Riscopriamo il vero valore del lavoro, come inteso da Dio.
Tratto dal libro "Come fiorisce la vita umana?"
[1] Dorothy Sayers: Why Work, un discorso pronunciato il 23 aprile a Eastbourne, 1942, consultabile su: https://centerforfaithandwork.com/article/why-work-dorothy-sayers.
[2] John Piper, Don’t Waste Your Life, Crossway, 2003, p. 139.
[3] Piper, Don’t Waste Your Life, op. cit., pp. 140, 141.
[4] Ho appreso i seguenti insegnamenti dal pastore Timothy Keller. Un sermone in cui Keller insegna su questo argomento è disponibile sul sito web della “Redeemer Presbytean Church” (www.redeemer.com). Il sermone si intitola “Made for Stewardship” e risale al 22 ottobre 2002.

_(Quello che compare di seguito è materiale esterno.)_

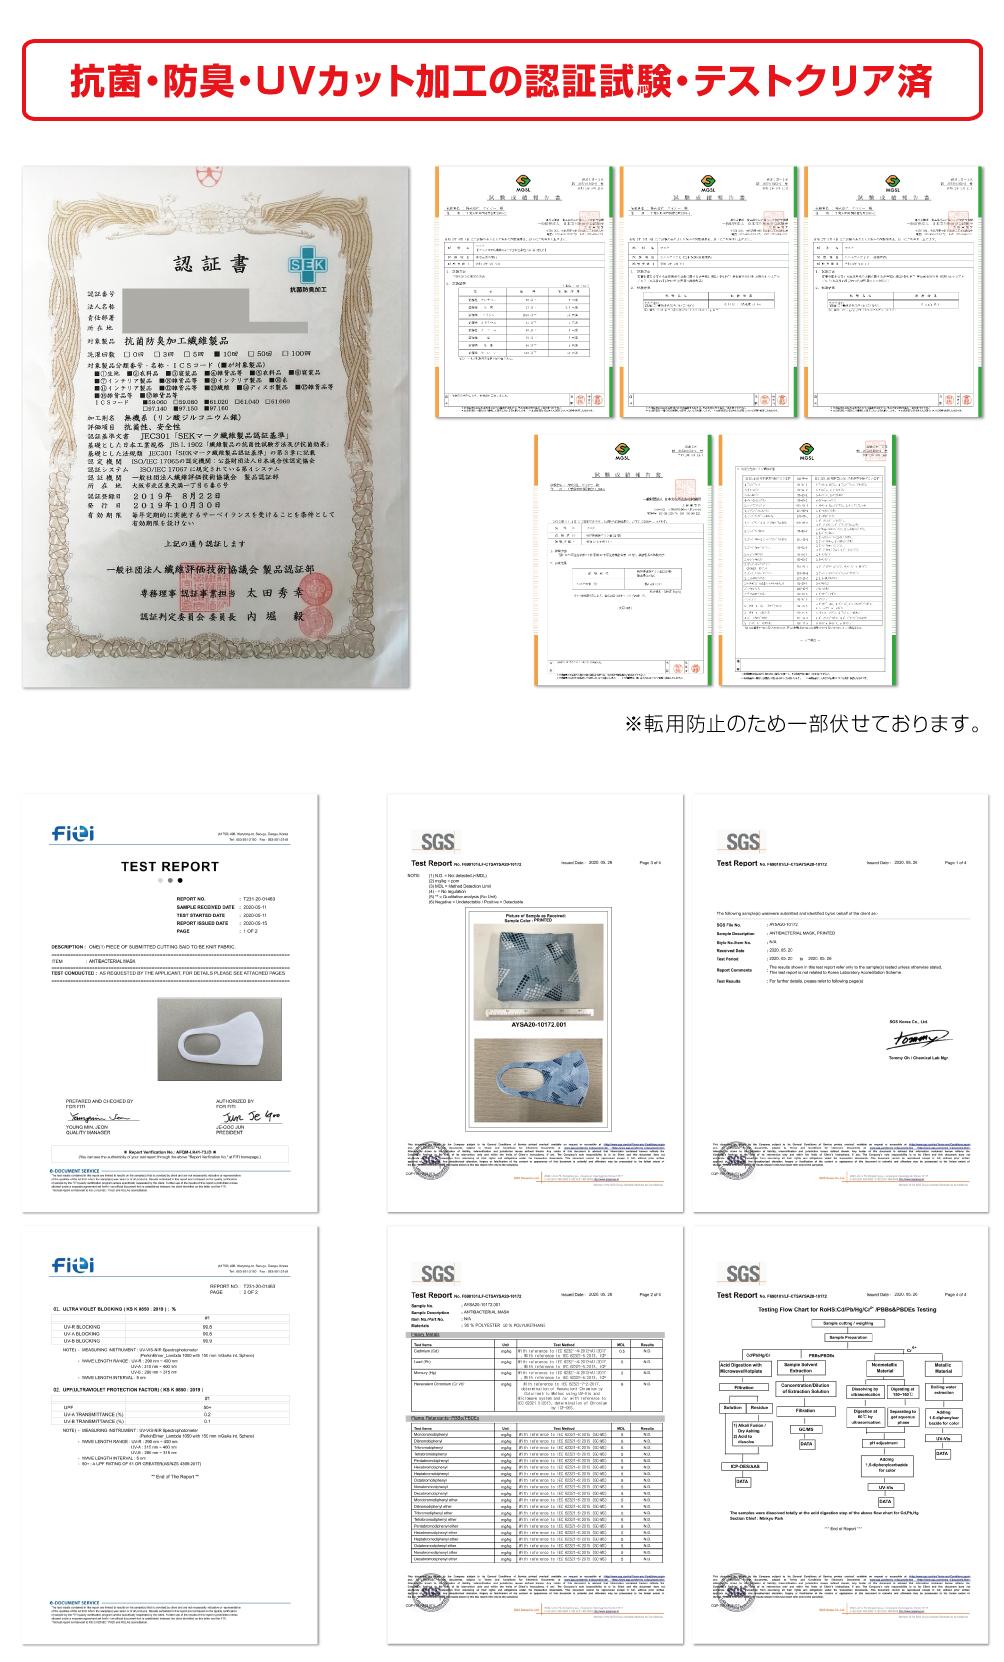 抗菌・防臭・UVカット加工の認証試験・テストクリア済みです。

[5] Questa sfida si fa ancora più intensa poiché il sistema educativo separa le questioni della vita pratica dalle mansioni domestiche, lasciando agli individui il compito di apprenderle autonomamente. Così, gli studenti arrivano all’università e si laureano con capacità molto diverse, incluse le più basilari come cucinare, gestire il denaro, pulire la casa, ecc. Allo stesso modo, manca spesso l’esperienza nel prendersi cura di bambini piccoli o la comprensione degli aspetti fondamentali dello sviluppo infantile, il che rende al giorno d’oggi il passaggio alla genitorialità, in un certo senso, traumatico. Di solito, queste conoscenze sono determinate per lo più dal background familiare. Ne parlo perché i ministeri universitari e le chiese locali possono supportare gli studenti, aiutandoli a vivere un’esperienza più ricca e completa della vita. Per esempio, esorto continuamente gli studenti universitari a prestare servizio nella nursery, non soltanto per rispondere a un bisogno concreto, ma anche per imparare qualcosa sulla cura dei neonati.